Pipes offer an efficient way to execute multiple operations at once. Here is a more efficient way to redo Example 7.2 with the pipe:

QuickMABirths1979 <-
  Birthdays %>%
  filter(state == "MA", year == 1979) %>%
  arrange(desc(births))

With the pipe notation, x %>% f(y) becomes f(x,y), where in the first line here, x is Birthdays, the function f is filter, and y is state == "MA", year == 1979. The really nice thing about piping is that you can chain together a bunch of different operations without having to save the intermediate results. This is what we have done above by chaining together a filter followed by an arrange.

Manipulating Dates

Additional reading:

The date variable in Birthdays prints out in the conventional, human-readable way. But it is actually in a format (called POSIX date format) that automatically respects the order of time. The lubridate package contains helpful functions that will extract various information about any date. Here are some you might find useful:

  • year()
  • month()
  • week()
  • yday() — gives the day of the year as a number 1-366. This is often called the “Julian day.”
  • mday() — gives the day of the month as a number 1-31
  • wday() — gives the weekday (e.g. Monday, Tuesday, …). Use the optional argument label = TRUE to have the weekday spelled out rather than given as a number 1-7.

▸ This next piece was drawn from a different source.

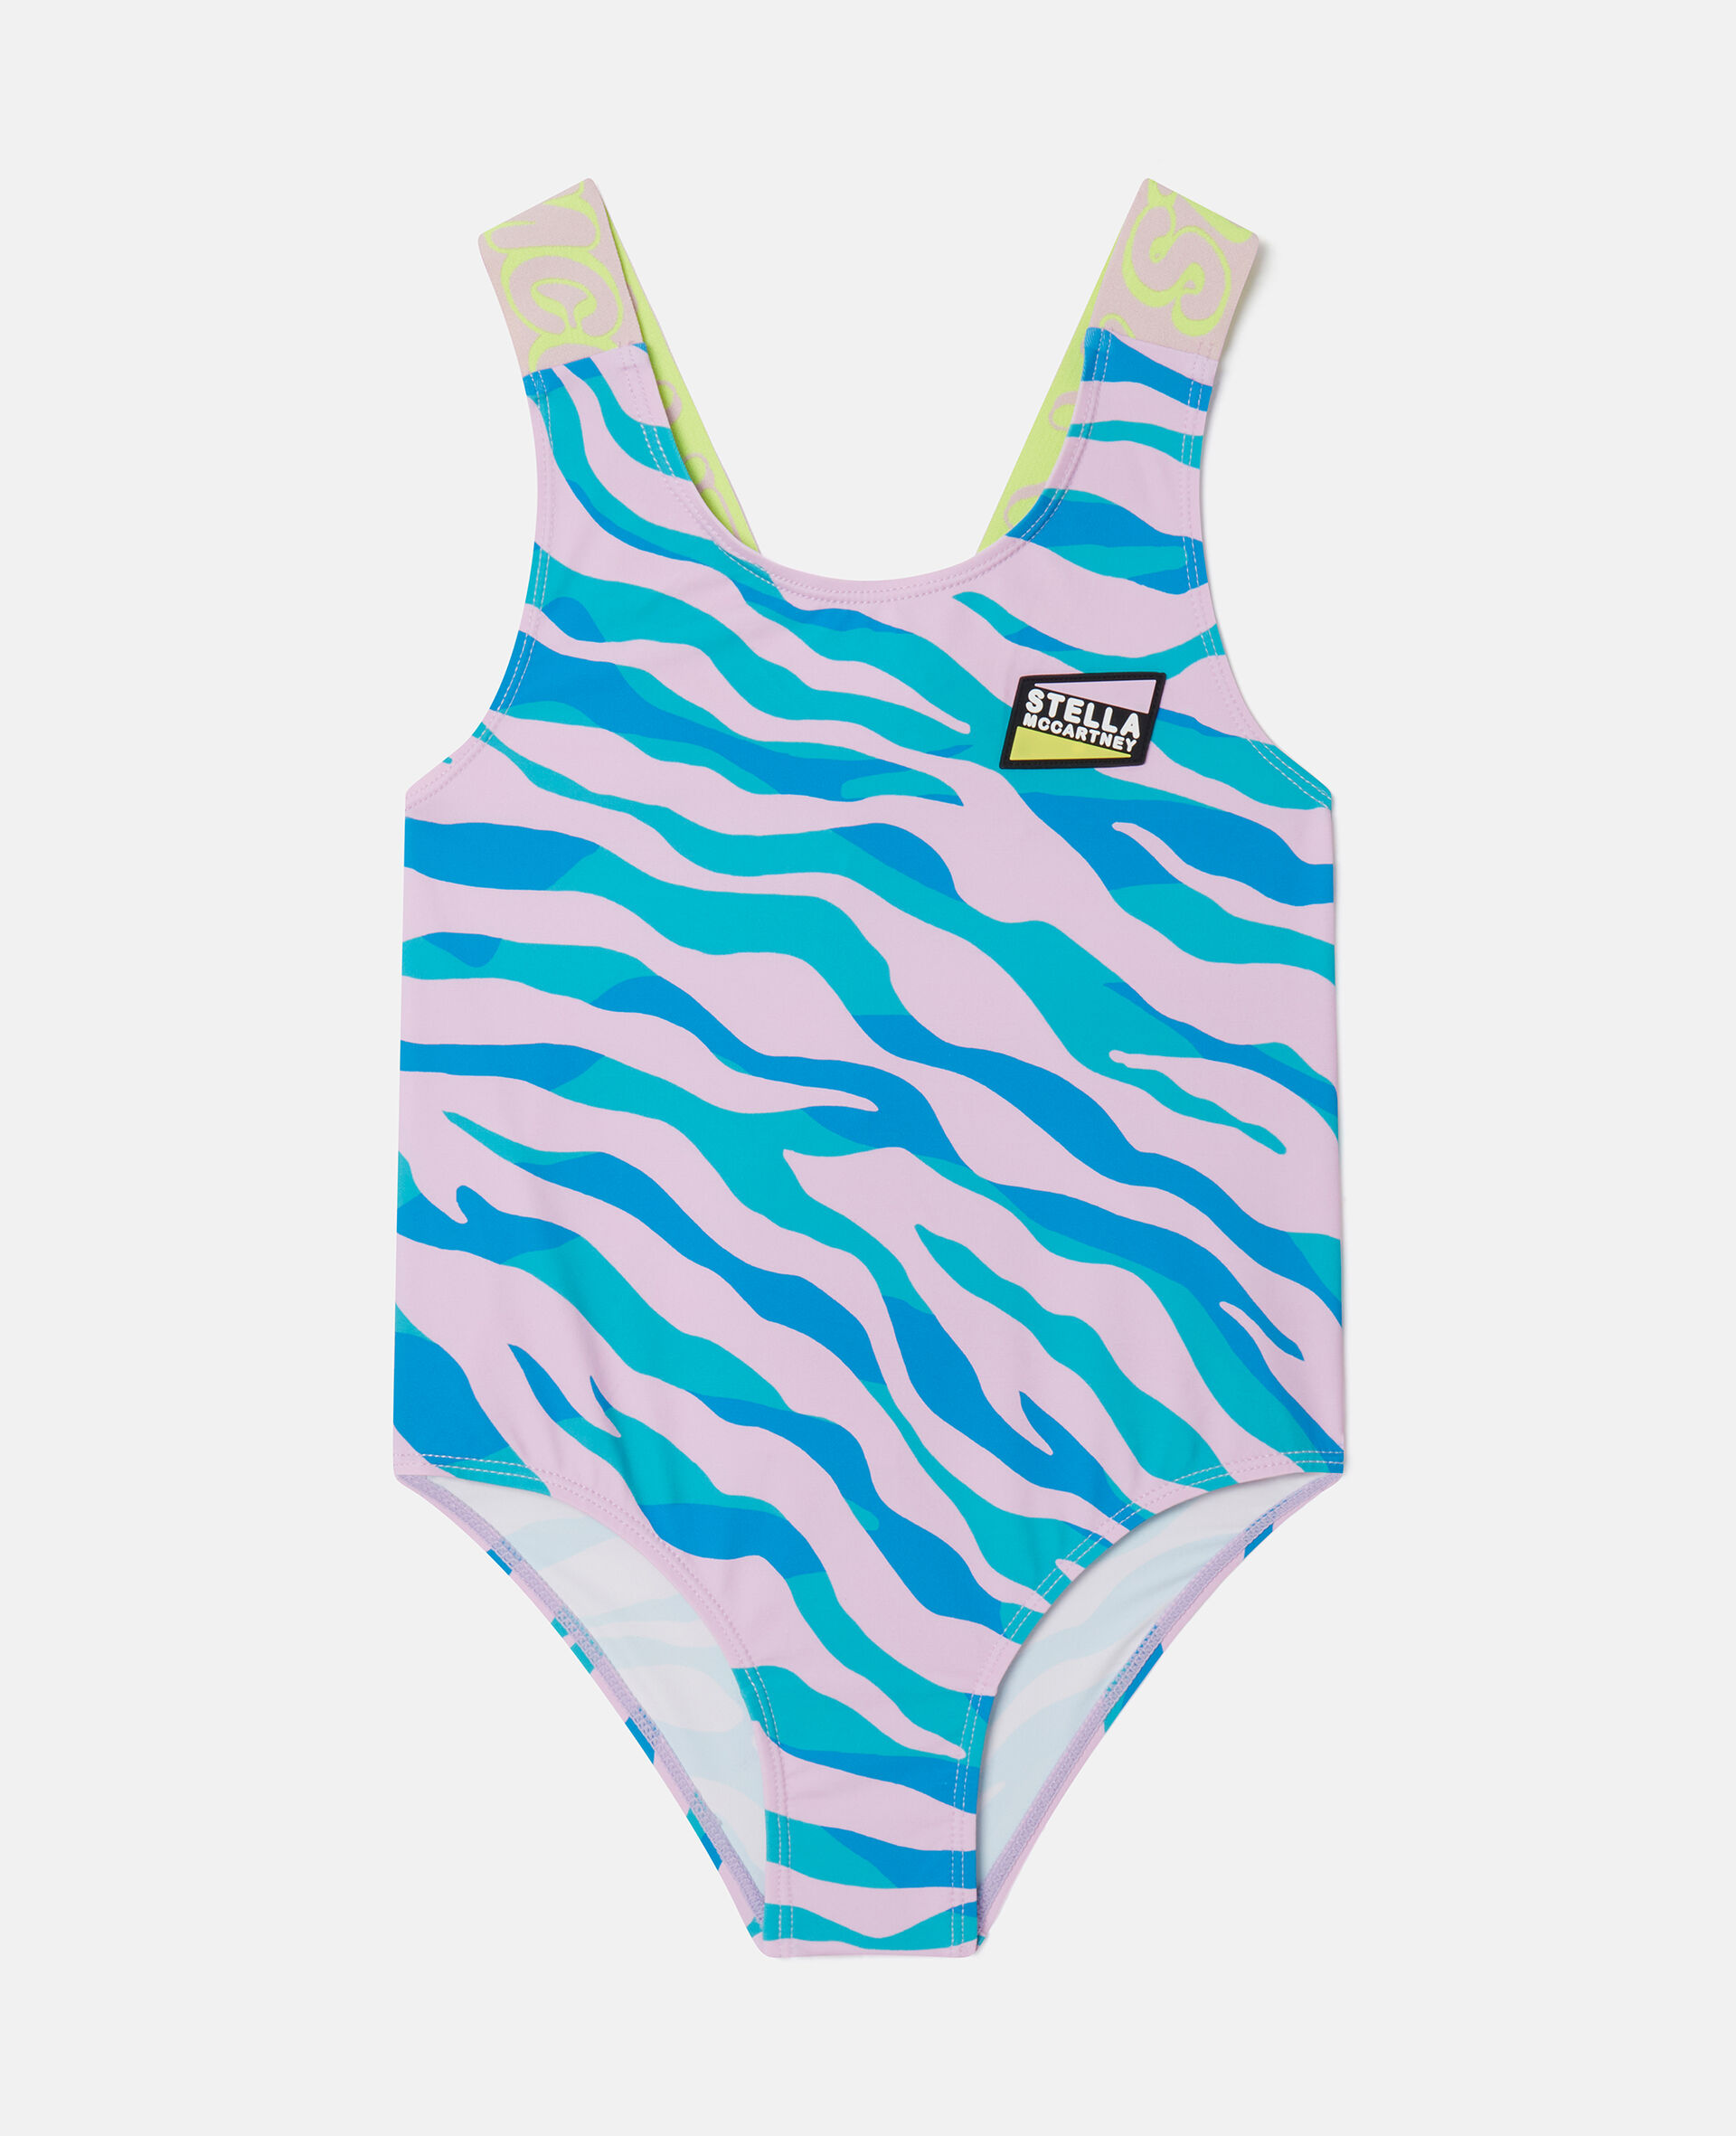 Zebra Print Swimsuit-Fantaisie-medium

Using these lubridate functions, you can easily look at the data in more detail. For example, we can add columns to the date table for month and day of the week:5

Birthdays <-
  Birthdays %>%
  mutate(
    month = month(date, label = TRUE),
    weekday = wday(date, label = TRUE)
  )

Here is what the data table looks like with our new columns:

Table 7.3: A subset of the birthday data with additional variables.
state date year births month weekday
AK 1969-01-01 1969 14 Jan Wed
AL 1969-01-01 1969 174 Jan Wed
AR 1969-01-01 1969 78 Jan Wed
AZ 1969-01-01 1969 84 Jan Wed
CA 1969-01-01 1969 824 Jan Wed
CO 1969-01-01 1969 100 Jan Wed

Example 7.4 Make a table showing the five states with the most births between September 9, 1979 and September 11, 1979, inclusive. Arrange the table in descending order of births.

Solution

The plan of attack is to first filter the dates, then group by state, then use a summarize to add up totals for each state, and finally arrange them in descending order to find the top 5.6

SepTable <-
  Birthdays %>%
  filter(date >= ymd("1979-09-09"), date <= ymd("1979-09-11")) %>%
  group_by(state) %>%
  summarize(total = sum(births)) %>%
  arrange(desc(total)) %>%
  head(n = 5)
knitr::kable(
  SepTable[, ],
  caption = "States with the
  most births between September 9, 1979
  and September 11, 1979, inclusive."
)
Table 7.4: States with the most births between September 9, 1979 and September 11, 1979, inclusive.
state total
CA 3246
TX 2347
NY 1943
IL 1673
OH 1408


Practice Part 1: Baby Names

We are going to practice the six data verbs on the babynames dataset:

Table 7.5: A subset of the babynames data, which runs from 1880-2015 and is provided by the US Social Security Administration.
year sex name n prop
1880 F Mary 7065 0.0723836
1880 F Anna 2604 0.0266790
1880 F Emma 2003 0.0205215
1880 F Elizabeth 1939 0.0198658
1880 F Minnie 1746 0.0178884
1880 F Margaret 1578 0.0161672

Exercise 7.1 Add a new boolean (true or false) variable called has2000 that indicates whether there were more than 2000 babies of that sex assigned at birth with that name in each year. Display the first six rows of your new table.

Exercise 7.2 Find the number of total babies per year, sorted by most babies to least babies.

Exercise 7.3 Find the twelve most popular names overall (i.e., totaled over all year and sexes), ordered by popularity.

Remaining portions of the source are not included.